Christmas in Bethlehem and Syria in Jeopardy after Hamas Attack

Hamas Attacked Israel, Christians in the Middle East Affected
On October 7, Hamas attacked Israel, causing a massacre targeted at civilians. Two and a half months later, Christmas celebrations in Bethlehem, Syria, and other places have been affected by the attack. CNN reported that local leaders in Bethlehem chose to scale back Christmas festivities in solidarity with the suffering Palestinian population in Gaza. As a result, decorations have been removed, parades and religious celebrations canceled, and the traditional Christmas tree in Manger Square is absent. In Syria, Christmas cheer has also deserted the streets, and the annual Christian market in Aleppo is now empty.

The canceling of Christmas festivities is not universal across the region.
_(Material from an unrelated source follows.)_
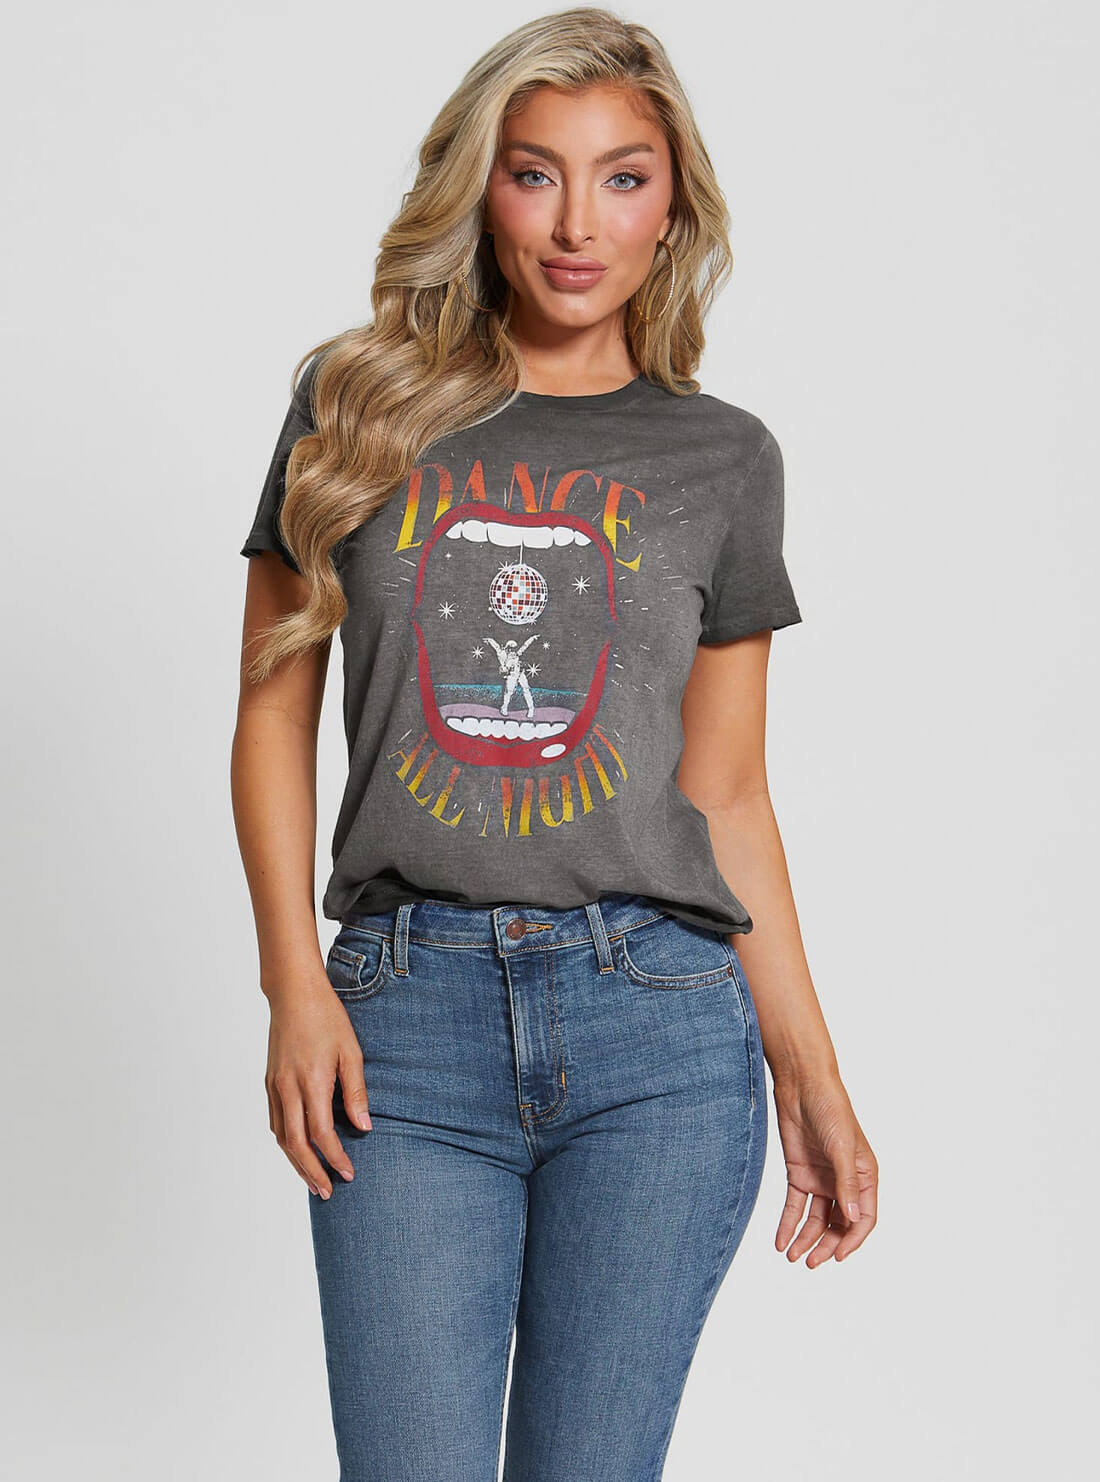 Grey Dance All Night Graphic T-Shirt | GUESS Women's Apparel | front view

In Turkey, media reports highlighted the festive atmosphere for Christmas, and in Dubai and Lebanon, there are plenty of signs of Christmas celebrations. However, in southern Lebanon, Christians have been affected by ongoing attacks by Iranian-backed Hezbollah, resulting in subdued Christmas festivities. Similarly, in Iran, Christmas is going ahead as usual, despite supporting the attacks by Hamas and Hezbollah.
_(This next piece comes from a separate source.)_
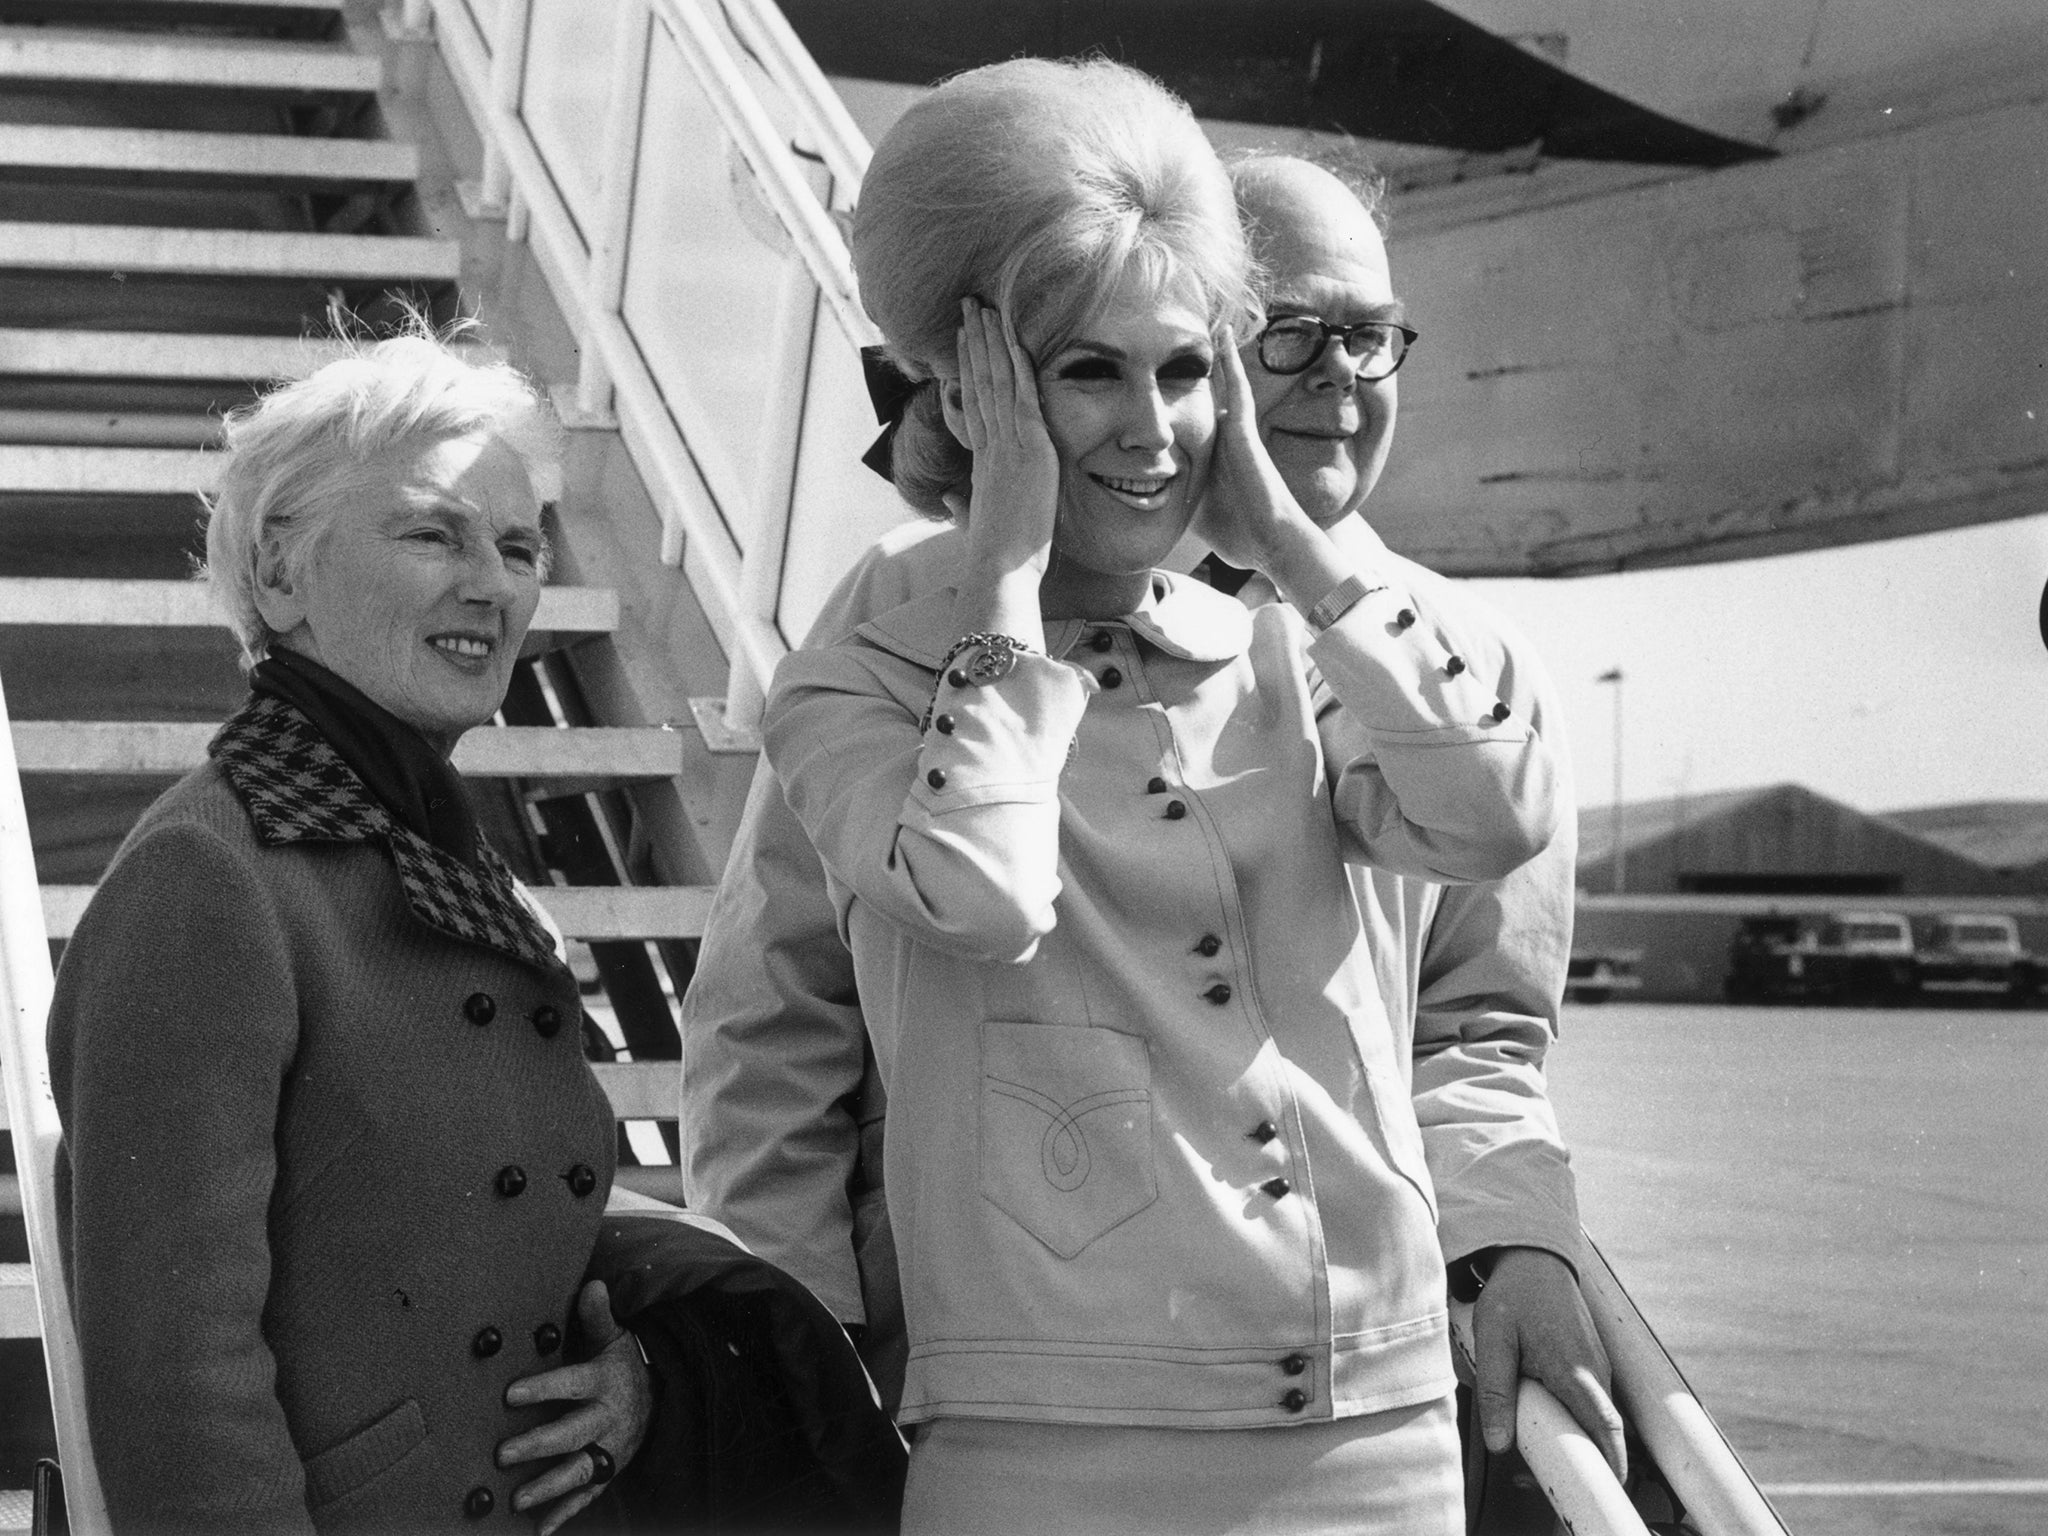 At London airport in 1964, boarding a plane for New York with parents Kay and Gerard

In northern Iraq, Christmas is also continuing as expected, with the Erbil International Fair inaugurating the Christmas Festival. However, the Chaldean Patriarchate has canceled many events linked to Christmas due to various reasons, including the Gaza war, the removal of the patriarch from his role, and a massive fire that affected Christian victims in Bakhdida.

Christmas events have also been impacted in the West, with activists disrupting the Rockefeller Center Christmas tree lighting in New York to tie them to Gaza. The cancellation and toning down of Christmas festivities across different countries in the Middle East are a reflection of the impact of the Hamas attack on Israel and its aftermath.